色気より若干食気が勝る、そんな微妙なお年頃の二人であった。





「あっんま~い!!」 『うっんま~い!!』


「この蕩ける様なマロンクリームの甘過ぎず、さりとて物足りなさを感じさせない甘さ
 まさに一つのクリームに己の全てを賭ける!そんなパティシエの姿が目に浮かぶわ!」

『ふぅ、分かってないわね。これだから安物食いの平民はって言われるのよ
 このマロンケーキの真髄は一見して地味に見えるスポンジの方にあるのです!
 そう、このスポンジには溶かしたあっんま~いマロンが絶妙な配分で加えられ
 スポンジのふっくら感とマロンのしっとり感が奇跡的に共存しているのです!』




「・・・ん?ごめんミリア、何か言った?ちょっと食べるのに夢中になってて」

『はぁ、もういいですわ・・」



力一杯にスイーツの真髄を語るエリカを更なる高みへと導こうとしたミリアであったが、
スプーンを咥えてケーキを夢中に頬張る食い意地の張った友人の姿を見て諦めた。
スイーツ道の果てしない坂道を登りつめることができるのは、自分のように選ばれた者
だけと悟ったのだ。



『もう、四つ目よ。
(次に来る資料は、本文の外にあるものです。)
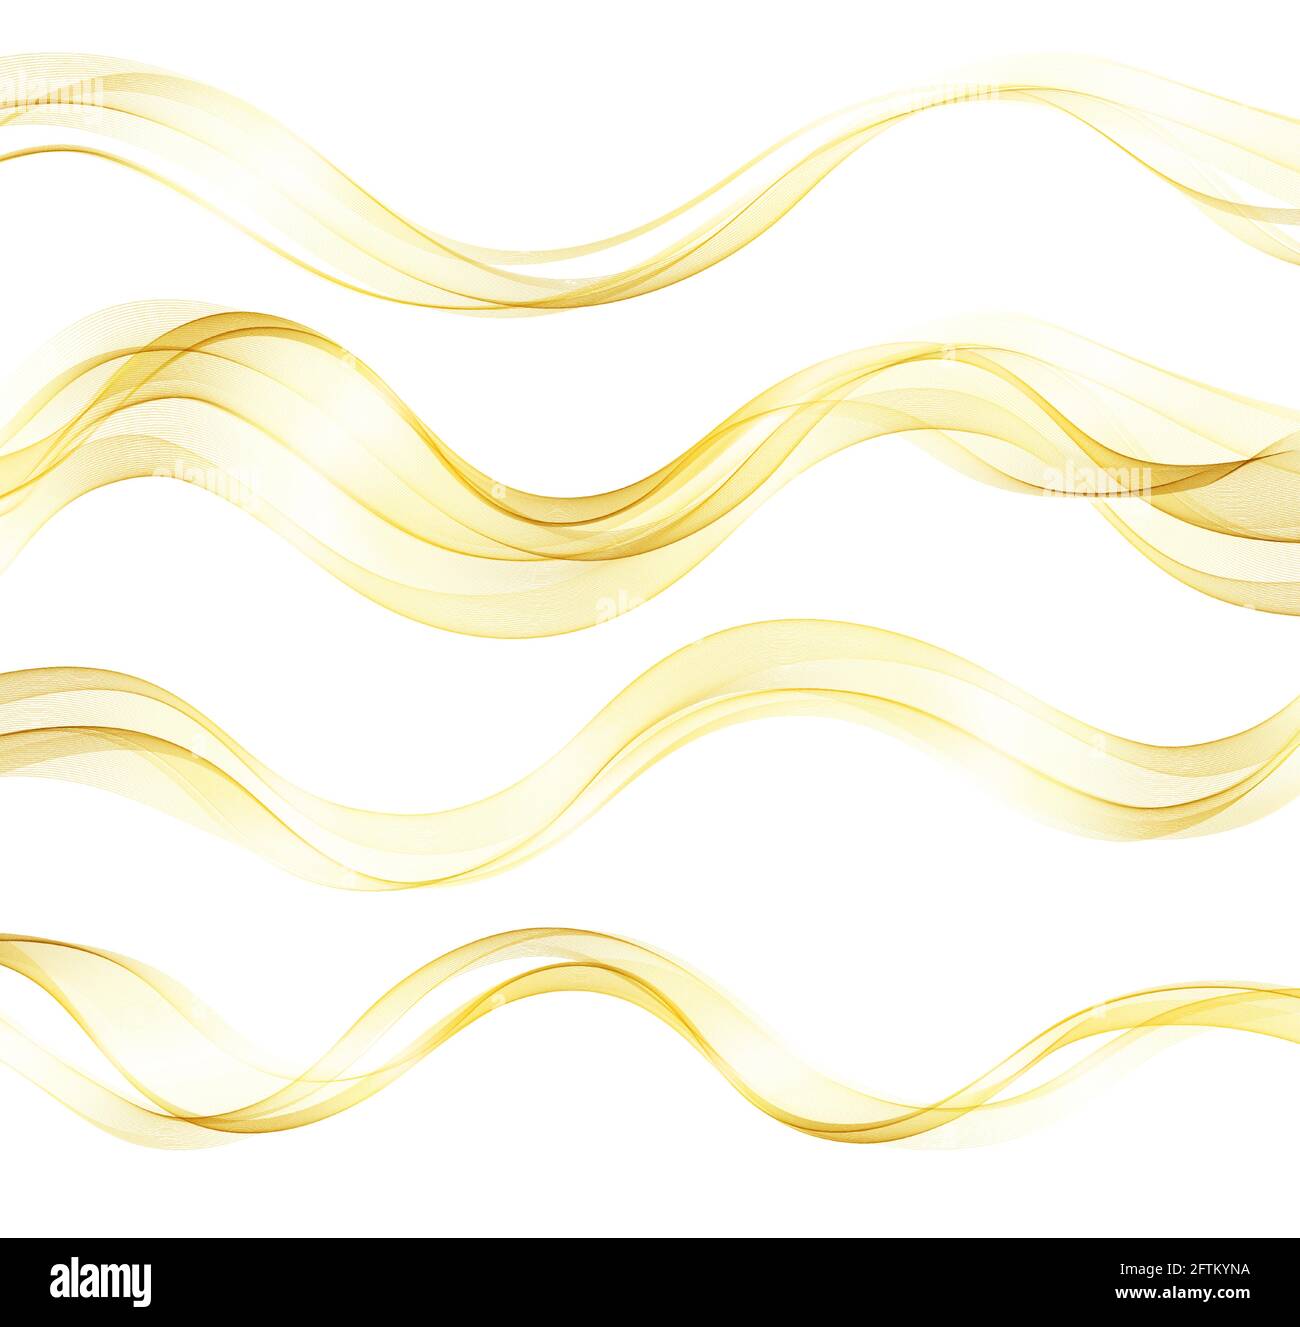 Vecteur abstrait coloré fluide des lignes d'ondes d'or isolées sur fond blanc. Élément design pour invitation de mariage, carte de vœux Illustration de Vecteur

まだ、食べる気・・?』
「ひゃふえる!」




二個目のケーキで満足したミリアに呆れられながら、エリカはもっと食うぞーと
5個目のケーキを片付けに掛かる。
彼女の住んでいたナサトのような田舎にあるスイーツはふかし芋や果物と言った物が
精々でケーキやプティング等の手の掛かるスイーツは存在しなかった。
その反動もあってか、エリカは城塞都市グレストンで知ってしまった
未知の甘味に嵌ってしまっていた。
実際、エリカは仕事帰りに自分へのご褒美として期限切れ前の夕方限定のセール品を
ちょくちょく購入してはサリアと一緒に楽しくお茶したりしていた。


どうやら、エリカはいつの時代も女の子は甘い物に弱いを地で行く少女のようである。






仕事場の身分違いの同僚と休日にショッピングに楽しいお食事とお喋り、
城塞都市グレストンに来てからわずか数ヶ月の間にエリカは公私に渡って充実した生活を
送ることが出来るようになっていた。羨ましい限りの充実振りを見せていた。

多くの都会に出てきた田舎者は市場や宿ではボラれて財布を軽くし、
職を探しても自分の希望するような職にも就けない。
その結果、定住することもできないまま故郷に逃げ帰るのが、
おのぼりさんが辿る一番ありがちなパターンになっていたのだが、それとは大違いである。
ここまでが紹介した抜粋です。